The Sentinel middleware sends a ping command every second to all instances (both master and slave servers and other Sentinels) and determines if they have gone offline based on the response. This method is called subjective offline. When a subjective offline status is determined, it is queried by other monitoring sentinels. If more than half of the votes say it is already offline, it is marked as objective offline and failover is triggered.

3.1.3 Redis cluster mode

If you can achieve high availability of Redis by relying on Sentinels, you need redis clusters if you want to support high concurrency while holding large amounts of data. Redis cluster is a distributed data storage solution provided by Redis. The cluster shares data through data sharding and provides replication and failover functions.

A Redis cluster consists of multiple nodes, which are connected through the cluster meet command. The node handshake process is as follows:

  1. Node A receives the cluster meet command from the client
  2. User A sends A meet message to user B based on the received IP address and port number
  3. Node B returns pong after receiving the meet message
  4. A knows that B has received the meet message and returns A ping message, indicating A successful handshake
  5. Finally, node A will use the Gossip protocol to propagate node B’s information to other nodes in the cluster, and other nodes will also shake hands with NODE B

Groove slot.

Redis stores data in the form of cluster fragments. The entire cluster database is divided into 16,384 slots, and each node in the cluster can process 0 to 16,383 slots. When all 16,384 slots are processed by nodes, the cluster is online. Conversely, any slot that is not processed is processed offline. The Cluster addslots command assigns slots to nodes for processing. Slot is an array of bits. The length of the array is 16384/8=2048. Each bit of the array is 1 for being processed by the node, 0 for not being processed, and 0 for slot 0 to 7 for node A, as shown in the figure.

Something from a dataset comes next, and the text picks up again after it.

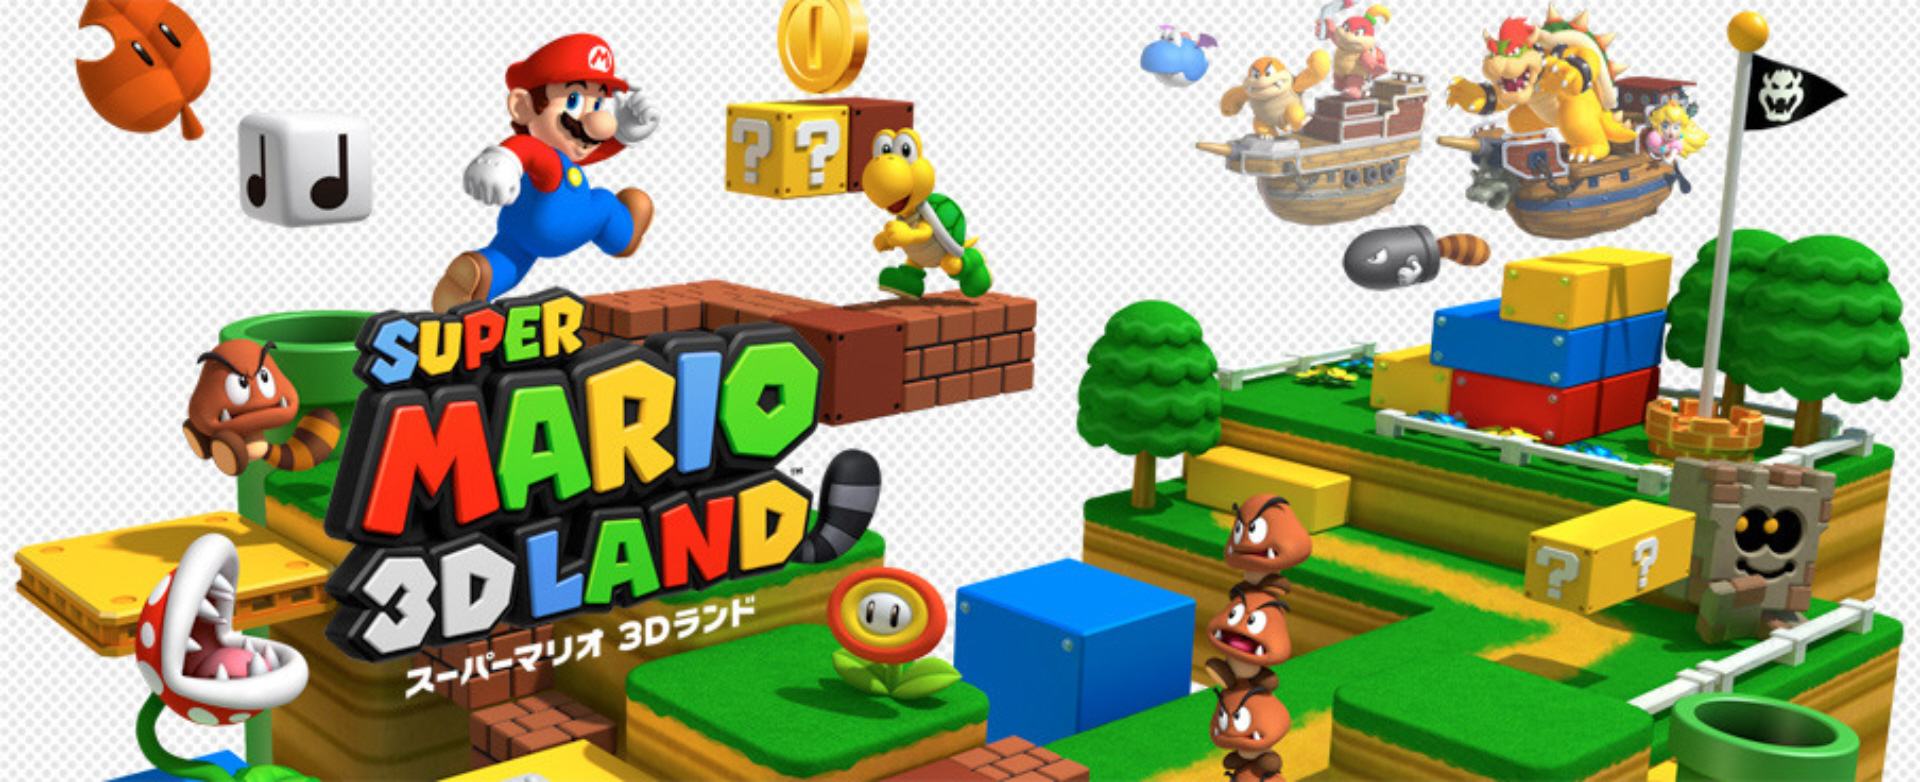 Super Mario 3D Land Wallpaper

3.2 High cache concurrency

MySQL can achieve QPS of 100,000 per second under the condition of hitting memory index. Redis also has roughly the same performance, which is related to network IO and memory. There are other ways to improve cache access performance, such as parallelizing cache access without dependencies and serializing cache access with dependencies, using a task tool like CompleteFuture. For example, in order to obtain the information of a curriculum schedule, it is necessary to obtain the information of courses, teachers and classes of commodities at the same time.

4. Precautions

4.1 Cache Avalanche

A cache avalanche is when a large number of caches all fail at the same time, and if a large number of requests are made at the same time, the requests will directly access the database, possibly flushing the database. Cache avalanche generally describes data that is not in the cache but is in the database, and requests are directed to the database because time has expired. Solutions to cache avalanche:

  • Set different expiration times for different keys to avoid simultaneous expiration.
  • Traffic limiting. If the cache instance is down, traffic limiting can be implemented to prevent the DB from being crashed by a large number of requests at the same time.
  • Level 2 cache, same scheme as hot key.

4.2 Cache Breakdown

A cache breakdown is similar to a cache avalanche, except that a cache breakdown is typically a failure of a single cache, with a large number of concurrent requests requiring access to the key at the same time, causing strain on the database. Cache breakdown solution:

  • Lock to ensure single thread access to the cache. After the first request reaches the database, it is written to the cache, and subsequent requests can be read directly from the cache.
  • The expiration time is added to the value to asynchronously refresh the expiration time.

4.3 Cache Penetration

Cache penetration means that a large number of concurrent queries are performed on non-existent keys. As a result, the cache cannot be hit. Each request is queried through the back-end database, which causes heavy load and pressure on the database. Locking doesn’t work well for cache penetration because the key itself doesn’t exist, so even if you control the number of threads accessing the database, the request will still arrive. Cache penetration can be resolved by:

  • Verification is performed at the interface layer, and invalid keys are returned directly. For example, if the database uses the increment id, then if the id is a non-integer type or a negative id, or if the database uses the 32-bit UUID, then if the id is not equal to 32 bits, then the database can return the id.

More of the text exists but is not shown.